Why Include Hawkins? Simply Call for a Tactical Vote for Biden in Swing States.
As mentioned above, it’s important for us to avoid remaining silent in our opposition to the neo-liberal democratic party. That is to say, our position on the 2020 election shouldn’t simply provide left cover for Joe Biden’s Democratic party. We can acknowledge the dilemma we face as socialist in swing states facing another four years of Trump and we can take a position where we don’t face such dilemmas that explains and clarifies our politics and denounces the capitalist program of the Democratic Party. If we fail to do this, then calling for a tactical vote for Biden only further sows illusions in the Democratic Party’s usefulness to the working class.
Call for a Safe State Strategy for Hawkins, But Do Not Comment On How to Vote in Swing States.
Within our own caucus, Reform & Revolution, this statement represents a competing position on the Safe State Strategy. The position being we should call for a vote for Hawkins in safe states, but no mention as to who people should vote for in swing states. But don’t worry, we understand if those in swing states find it necessary to vote for the Democratic candidate.
Comrades, what good does it do anyone to hide behind implications? Who else would or should socialist vote for in the Swing States to defeat Trump? This is a real question many of us are left to grapple with. Also, why would those of us in Swing States even bother to engage with the Safe State strategy if it doesn’t offer us a concrete answer to the dilemma we face here in Ohio? Are we supposed to argue who we think socialists in Washington or California should vote for? We have better things to do. Perhaps it is difficult for you to personally ask people to tactically vote for Biden. We can relate, we also detest the situation we find ourselves in. But it serves no one to hide from answering uncomfortable questions. Countless socialists are looking for answers as to how to vote in Ohio, we need an answer.
Note: The headers below are referencing the article in opposition to our resolution. Each headline is a point brought up in that article which we are directly responding to. See the article here.
Regarding Protest Votes
Those arguing against our resolution say Hawkins is a protest vote and we shouldn’t support protest votes. What they fail to recognize is that when DSA does not endorse or support anyone for the 2020 election it is taking a protest position, except worse, it’s taking no position other than opposition. A protest non-vote. Effectively no position at all.

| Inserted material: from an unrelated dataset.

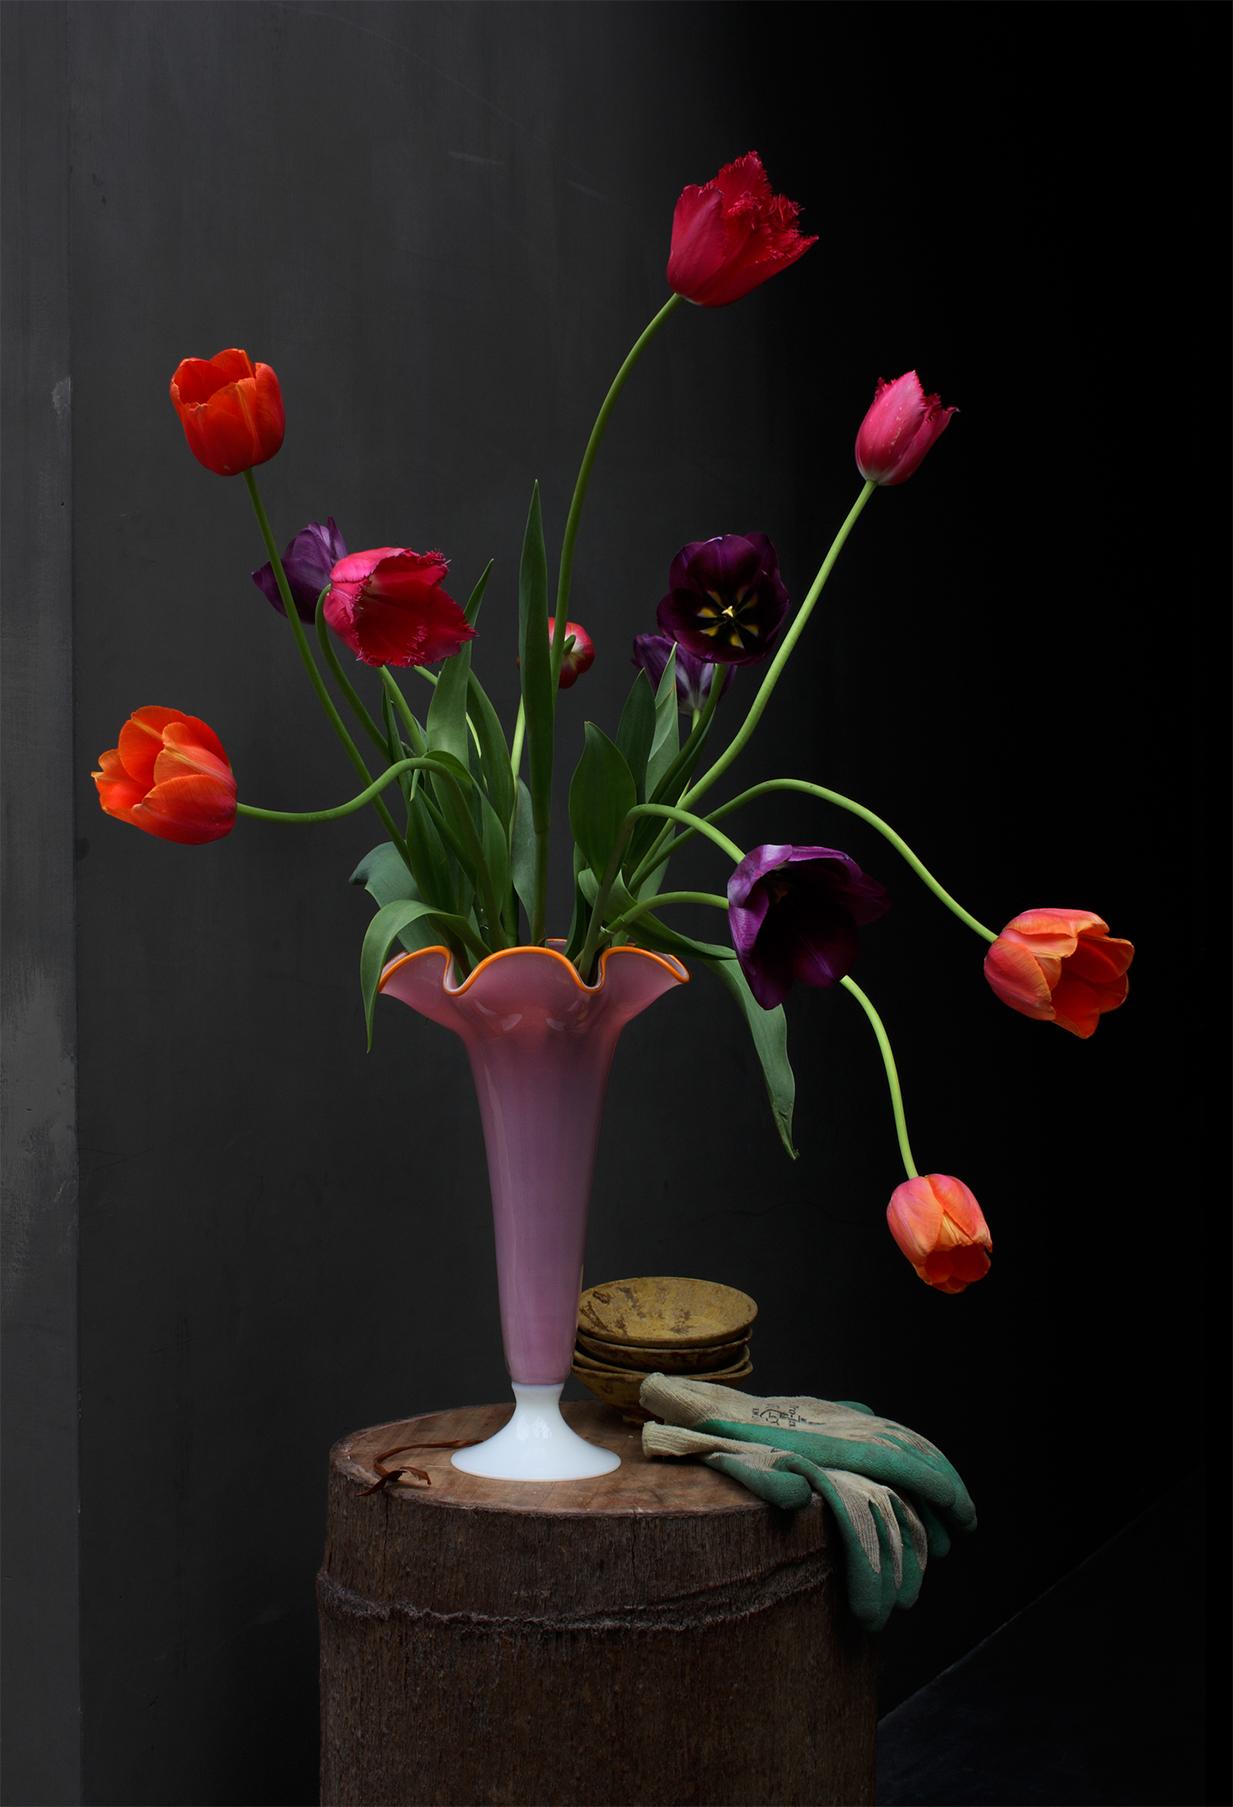 Michael James O’Brien Still-Life Photograph - Still life with Tulips, Garden Gloves and a Fluted Opalina Vase, Antwerp, Photo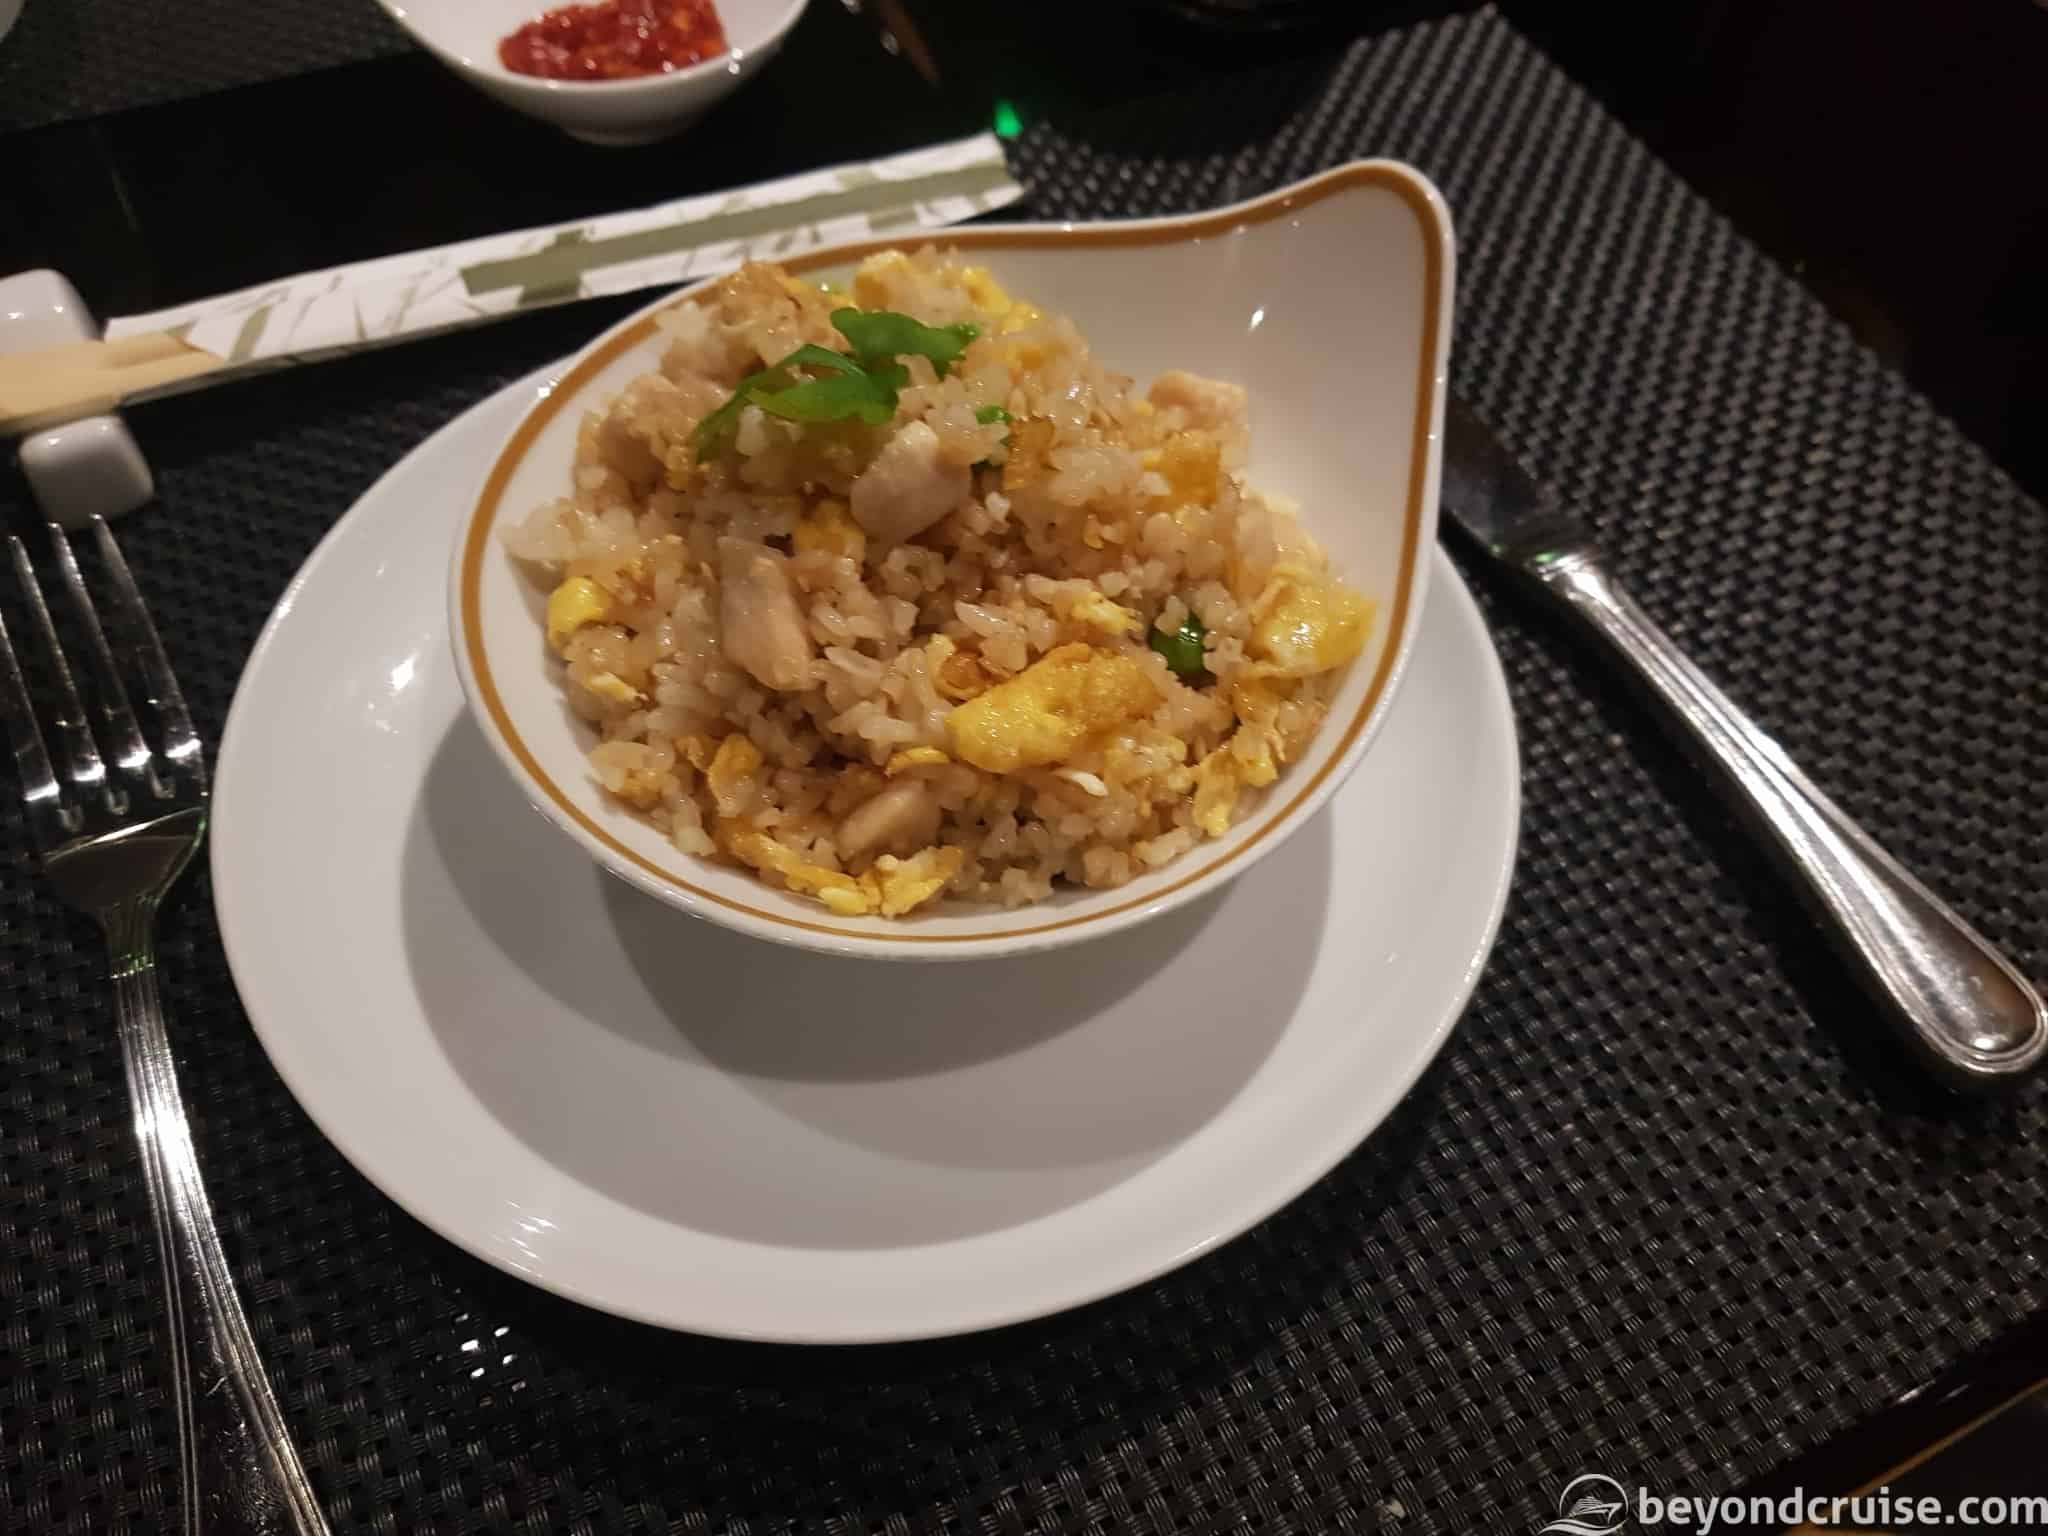 Oriental Plaza - Cantonese fried rice

Those arguing against our resolution claim DSA supports only viable paths. Is no position a more viable path? Let’s be honest, in the 2020 election, there is no viable path to victory for Socialists. The best we can do is to continue to engage in mass movements while we support the candidate that makes it easiest to engage people with our ideas when they consider who we support or when we talk to them about it. Furthermore taking a position on the 2020 elections is an important question to answer when we engage with working-class people through our work. People will want to know “who does DSA support and why?”.
Those arguing against our resolution specifically stated the following “We shouldn’t support “protest” votes We aren’t interested in winning purely moral victories — our mission is too urgent and the price of failure too high. However, this proposal specifically calls for a “protest vote,” which is, in our opinion, no vote at all.”.
The contradictions here are piling up. While holding a protest position, they argue that a protest vote is no vote at all, while they simultaneously do not put forward any call for who to vote for. In contrast, The Safe State proposal does answer how to vote. Nor is it born out of a moralistic (sectarian) tendency as implied. It is attempting to concretely provide an answer for what to do on November 3rd in both swing and safe states.
We shouldn’t allow the presidential race to dominate our politics: Here our proposal is being framed in such a way to imply that the main focus of our efforts should become the presidential election. Not True. It also implies a false dichotomy. That by having this debate nationally, we are somehow redirecting everyone’s efforts away from other vital tasks. The assumption here is members only have the capacity for one or the other or that one is a drain of energy on the other. We disagree, a lively debate about the politics of DSA will act as a catalyst toward further engaging members in the politics of their chapter. Because of this, many will become more involved in their chapter’s work. Debate builds consensus, and consensus builds unity in action toward our goal of implementing a socialist society.
Of course, it is not enough to simply engage our members in concrete work, though important. We also have to concretely engage them with ideas.
We shouldn’t build the Green Party: Those arguing against our resolution raise the specter that our proposal is inadvertently building the Green Party, while also arguing that “Over decades of work the Green Party has not demonstrated a capacity to build power.”. How can we inadvertently build the power of the green party when the Green Party cannot build power for themselves? Meanwhile, as DSA has not taken an explicit position on what to do this election cycle, several chapters in safe states have begun to endorse and mobilize for the Green Party. It’s not that we worry about the potential of them building the Green party in any significant way, but that they are losing sight of the more impactful ways they could be engaging during a time of reinvigorated mass movements. It seems the lack of clarity is actually creating the very thing those arguing against our resolution are warning us against.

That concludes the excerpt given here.